_Information provided_
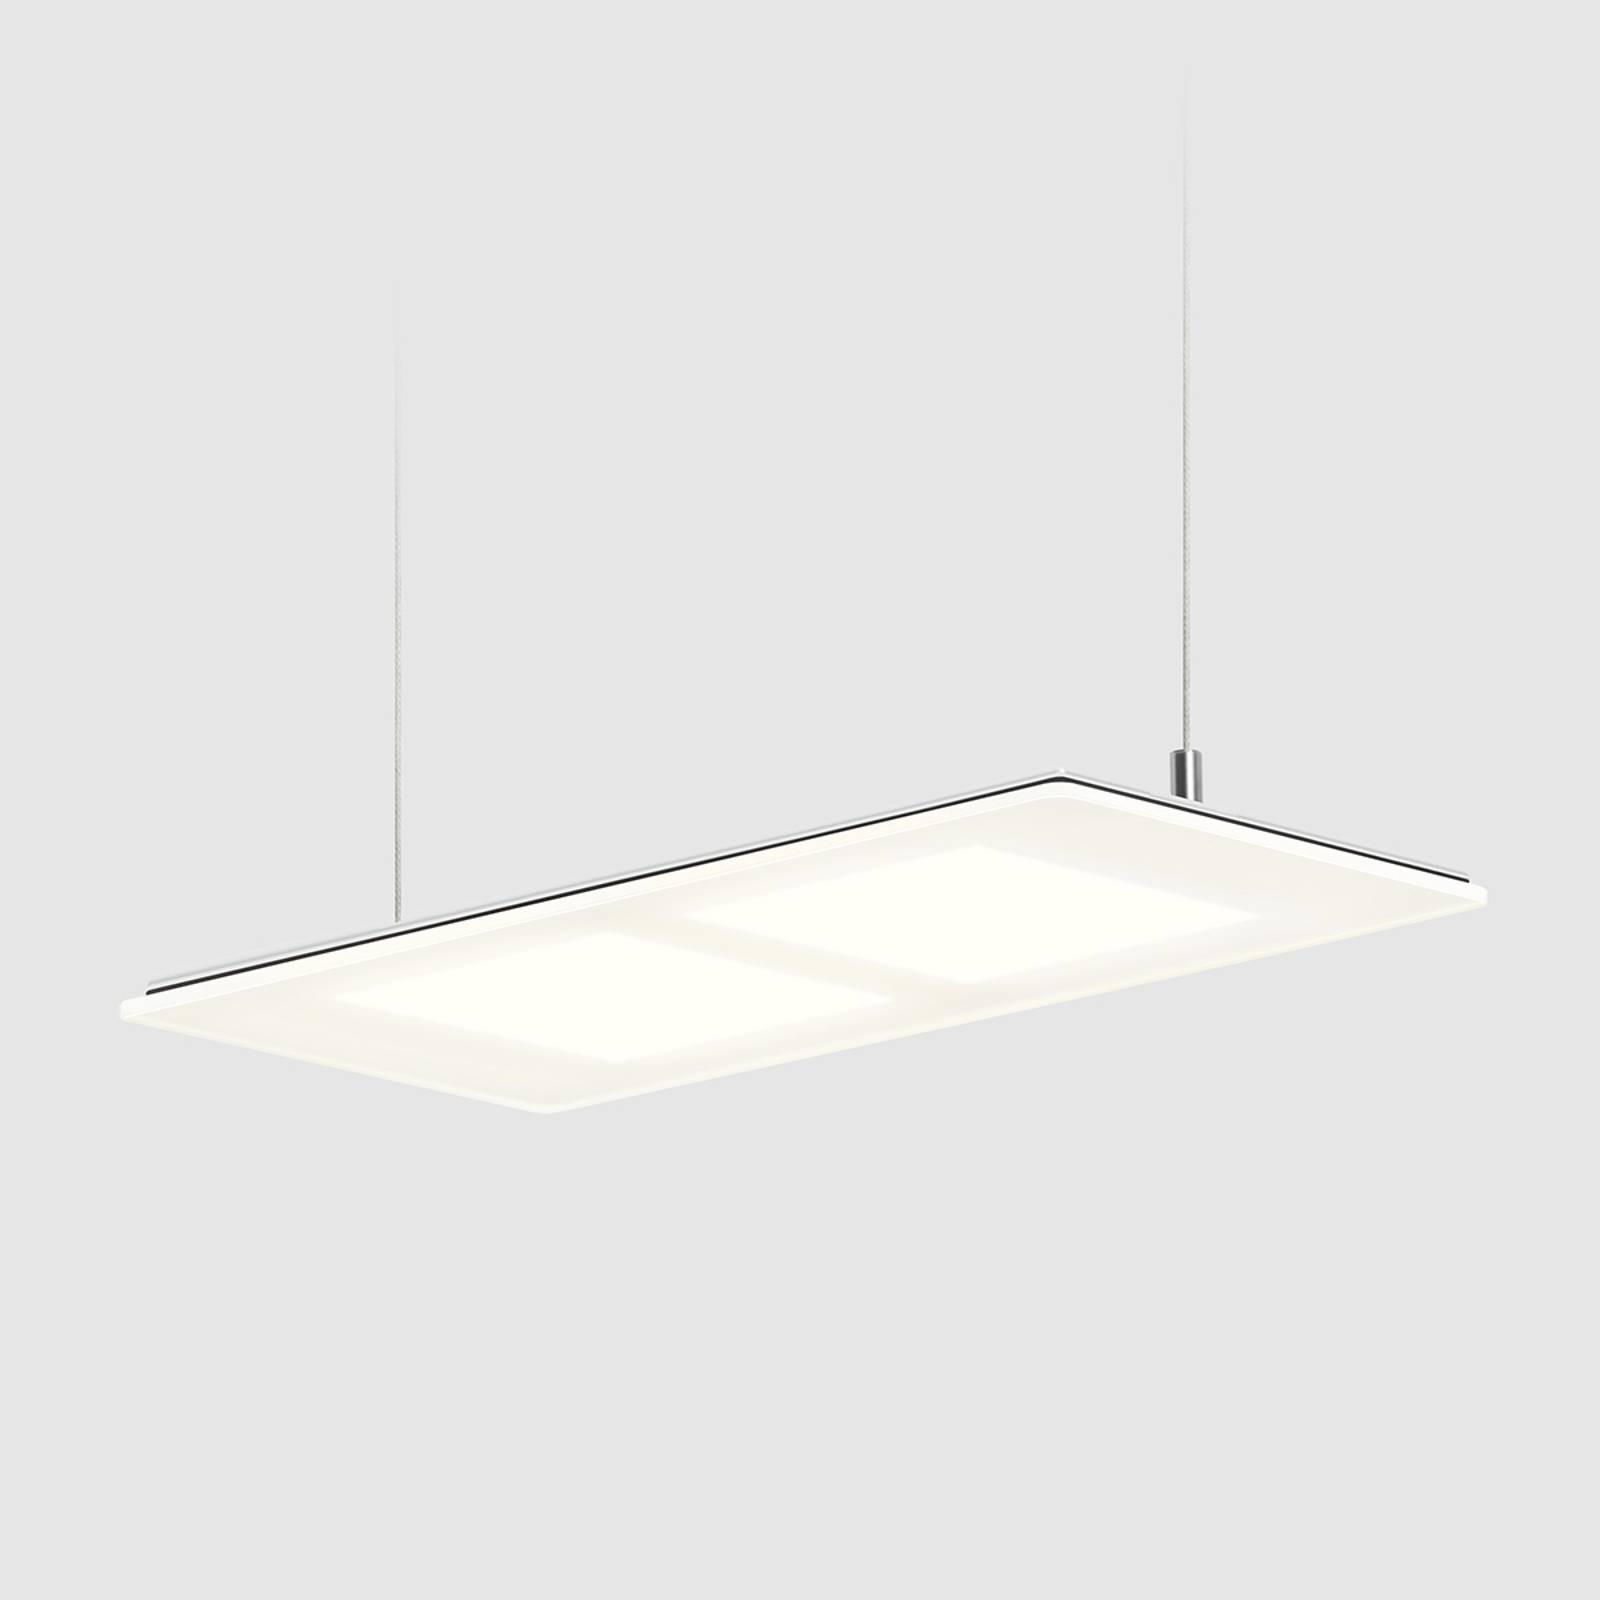 OMLED One s2 - biała lampa wisząca OLED
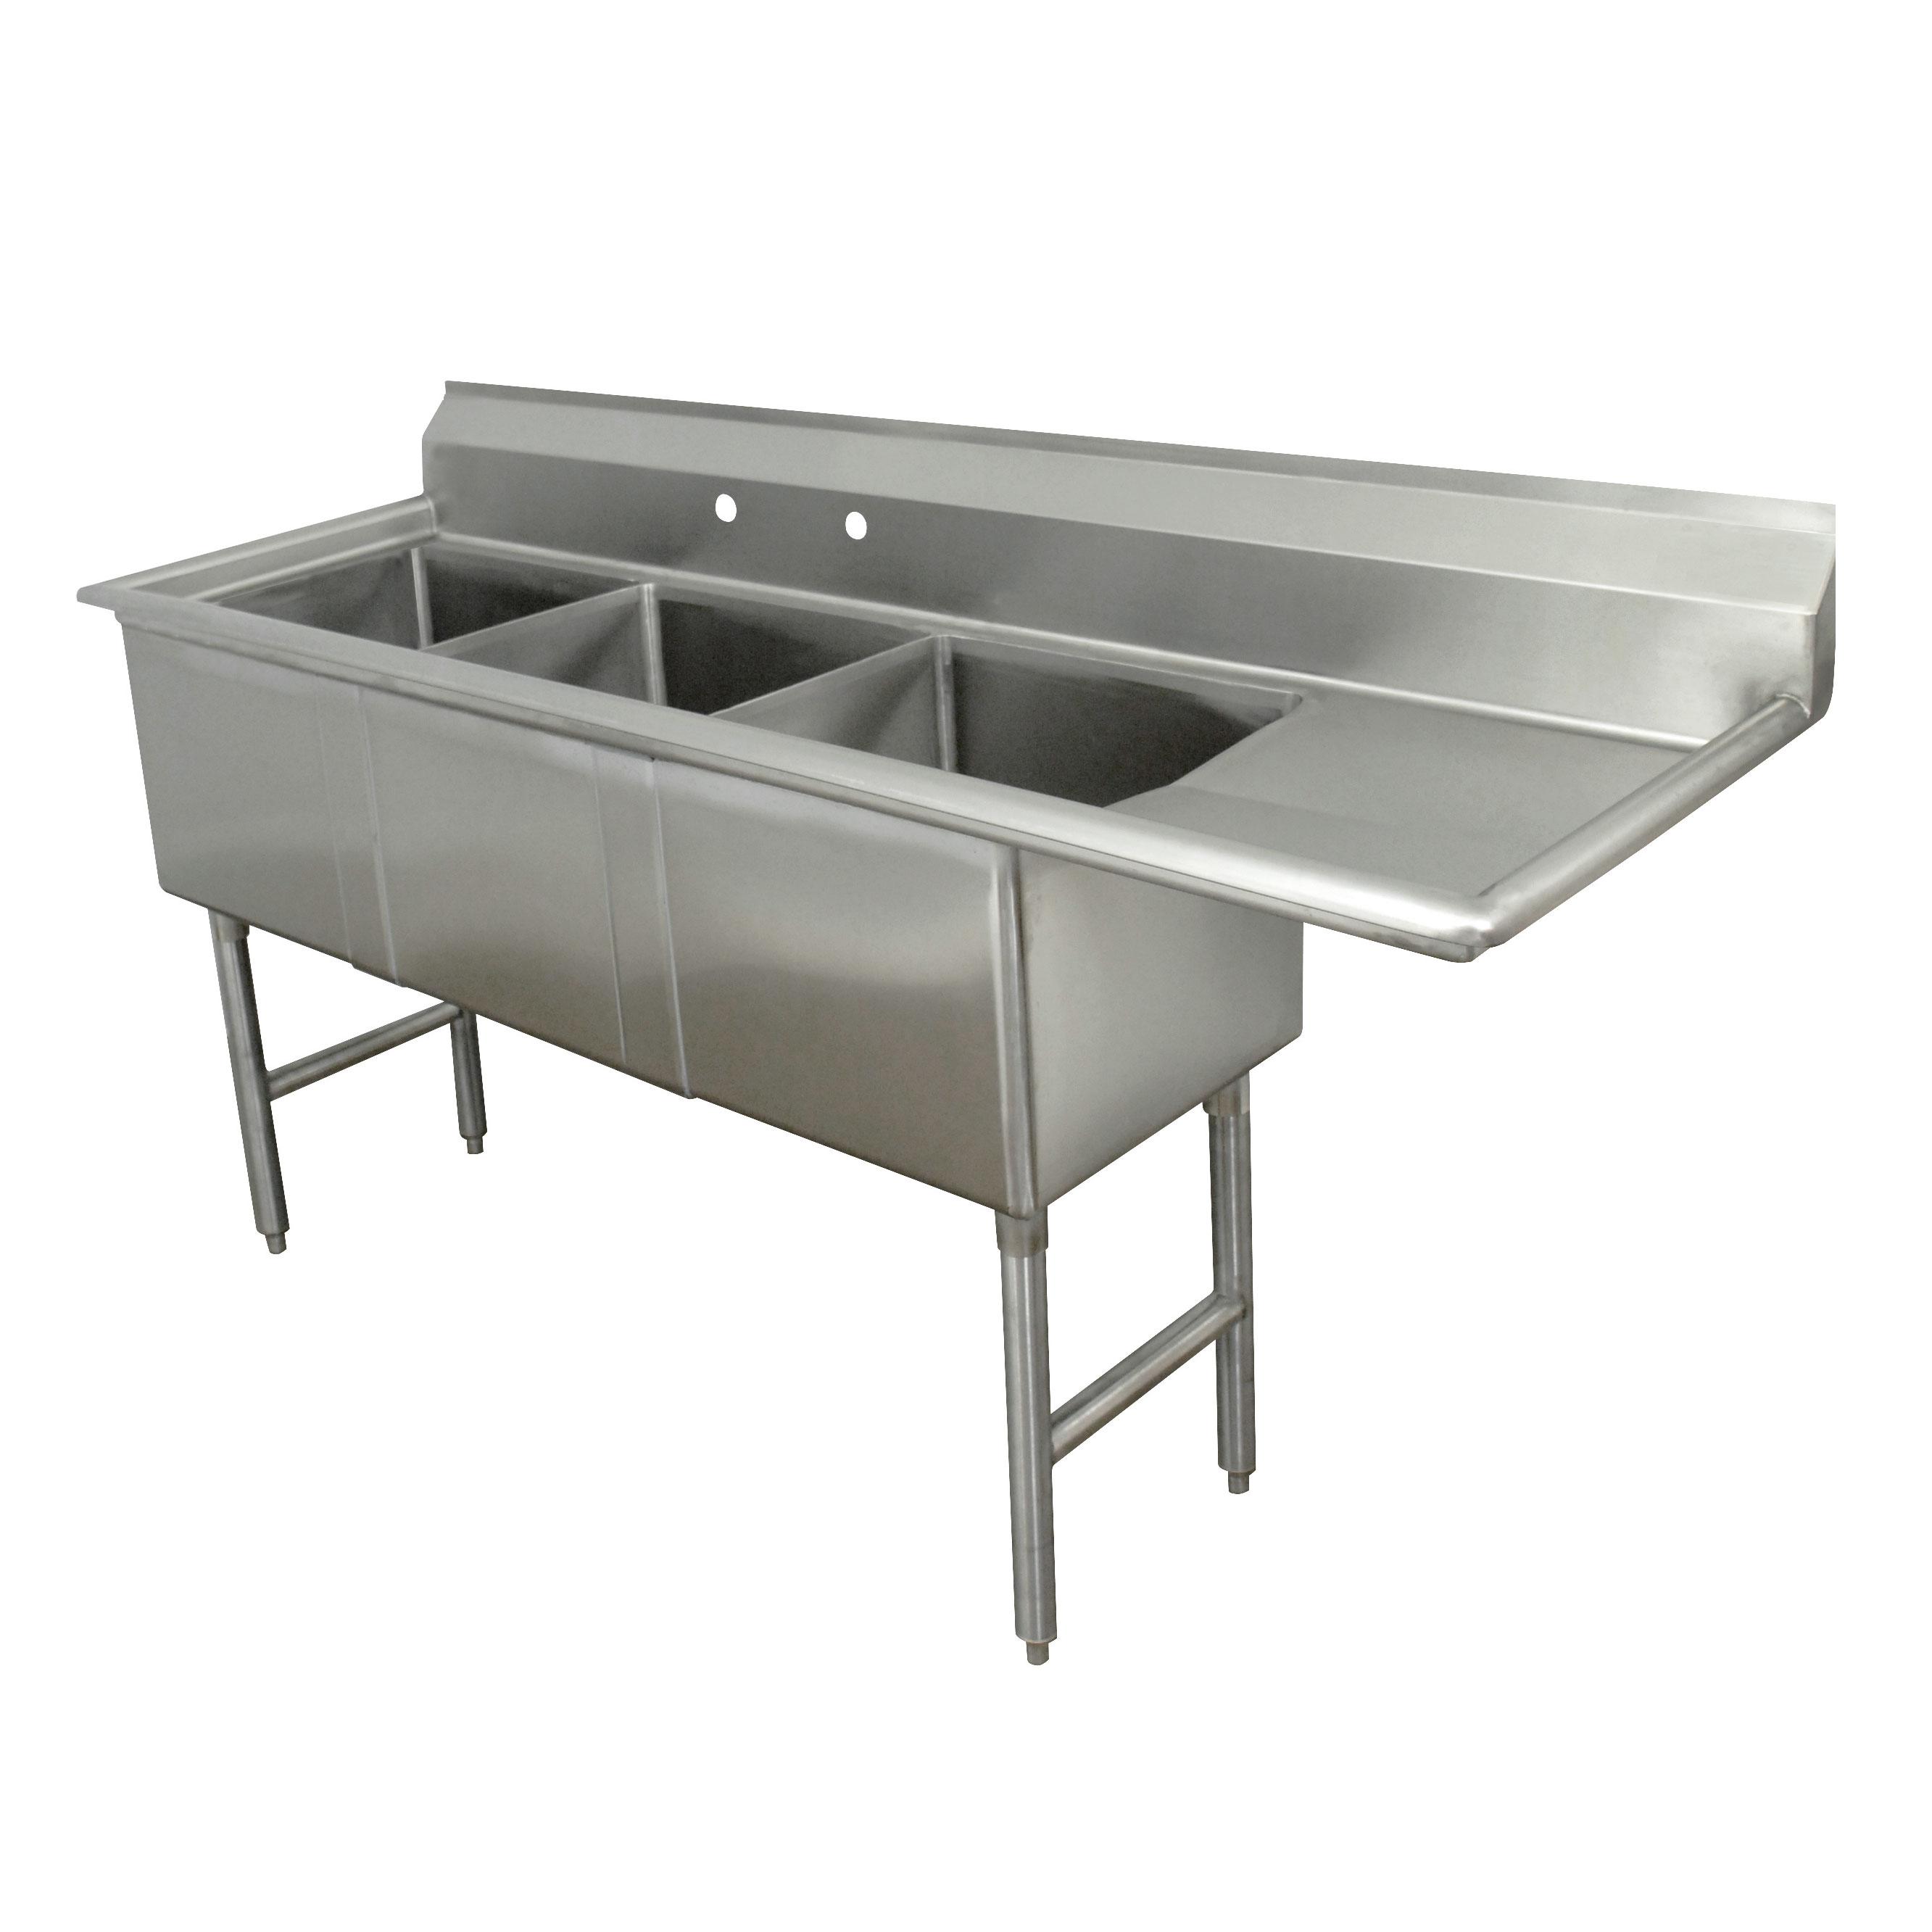 Advance Tabco FC-3-2430-30R sink, (3) three compartment
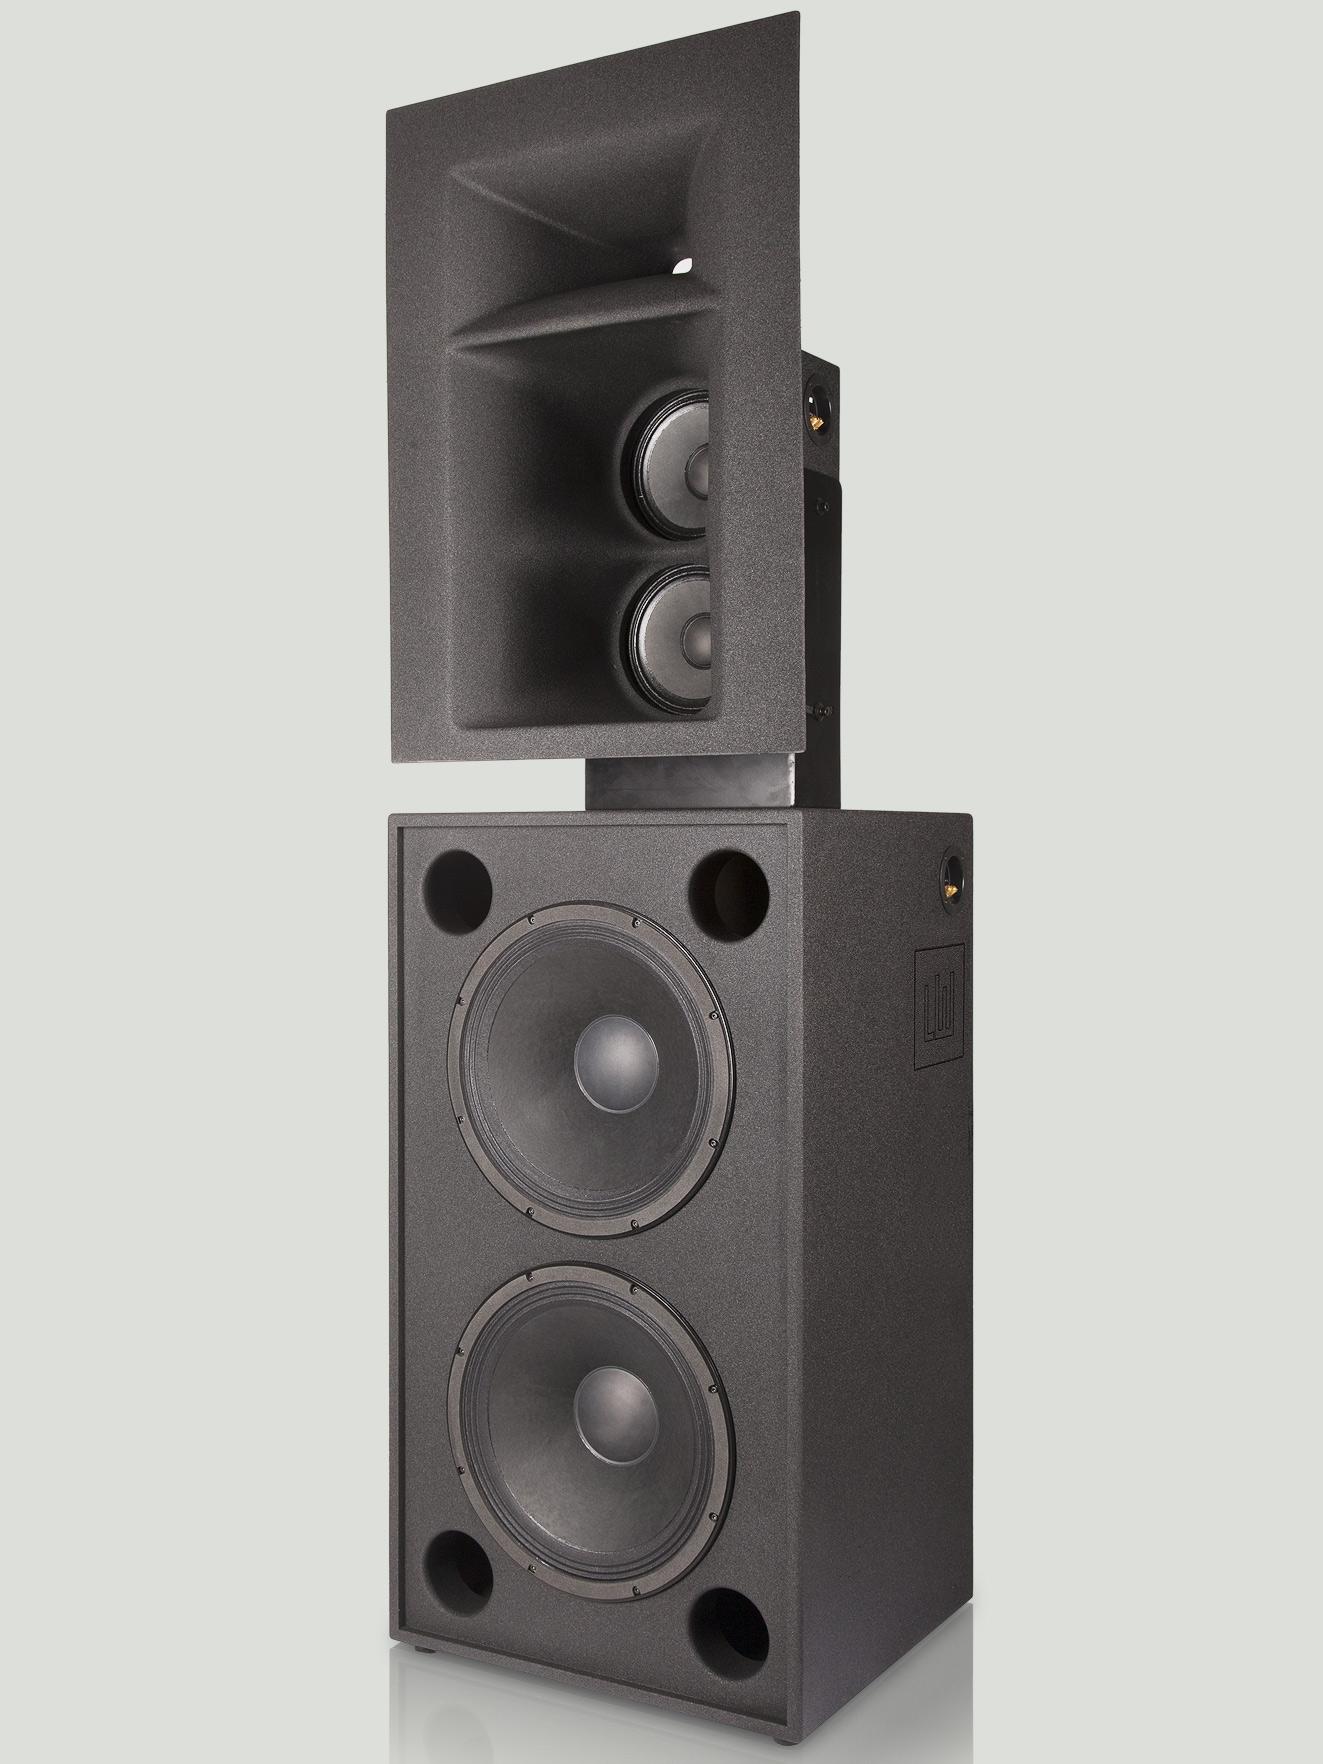 LW 9-BI-TRI 9 WAY COAXIAL - LW Speakers professional cinema

_Work request_
What is needed is the listing above, repeated verbatim, without its images.

_Solution to this exercise_
 OMLED One s2 - biała lampa wisząca OLED
 Advance Tabco FC-3-2430-30R sink, (3) three compartment
 LW 9-BI-TRI 9 WAY COAXIAL - LW Speakers professional cinema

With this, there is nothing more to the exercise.